What is the over-smoothing problem in Graph Neural Networks (GNNs)?

Over-smoothing refers to the phenomenon where node features become indistinguishable as the number of GNN layers increases, leading to a loss of discriminative power and poor performance on downstream tasks.

What is the purpose of stochastic depth in deep neural networks?

Stochastic depth is a regularization technique that randomly drops out entire layers during training, which helps to reduce overfitting and improve the network's ability to generalize.

What do scaling laws in deep learning refer to, and why are they important?

Scaling laws refer to the predictable relationships between model performance, size, and training data. They suggest that performance improves following a power law as model size and data increase. Scaling laws are important because they guide the efficient scaling of models and help estimate the resources needed for future advances.

What are two types of normalization layers used in deep neural networks, and what is their purpose?

Two types of normalization layers are Batch Normalization and Layer Normalization. They are used to normalize the activations within a network, which stabilizes training and allows for faster convergence and better generalization.

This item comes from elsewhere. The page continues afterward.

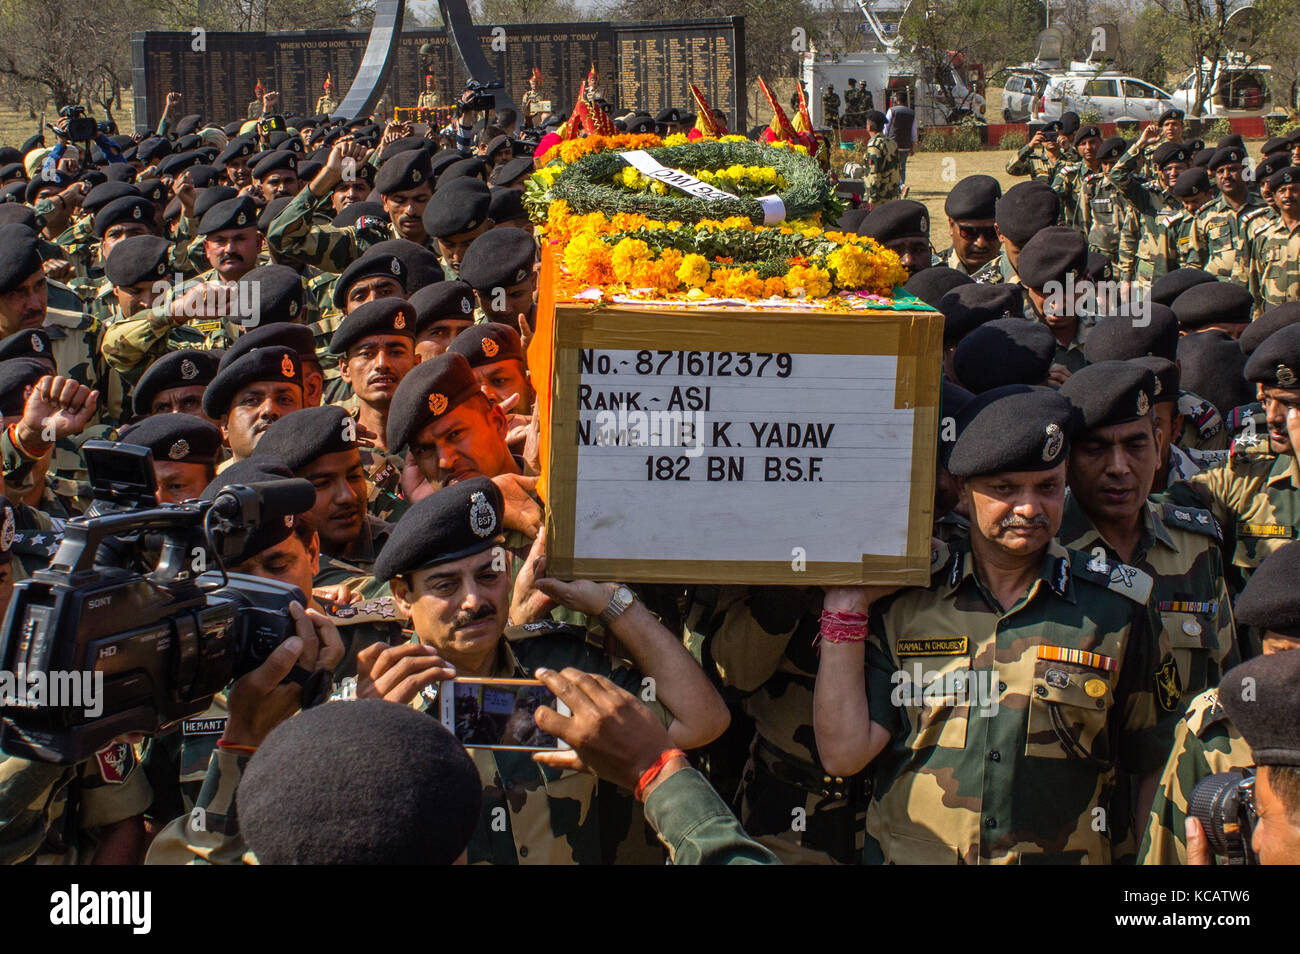 October 3, 2017 - Srinagar, Jammu and Kashmir, India - Indian Border Security Force (BSF) soldiers lay wreaths on the coffin containing the body of their officer killed in a gun battle with suspected militants at an Indian Border Security Force (BSF) camp on Tuesday, during a wreath laying ceremony, on October 04, 2017 in Srinagar, the summer capital of Indian administered Kashmir, India. A wreath laying ceremony was held today for an Indian Indian Border Security Force (BSF) officer who was killed on Tuesday in a gun battle after suspected militants attacked their camp in Srinagar outskirt Stock Photo

Consider an image captioning model with cross-attention between the image features and the text tokens.

True or False: Assuming the image resolution is fixed, the computational complexity of cross-attention in this model is quadratic with respect to the length of the text sequence.

False. The computational complexity of this cross-attention operation is O(nk), where n is the number of image features and k is the number of text tokens.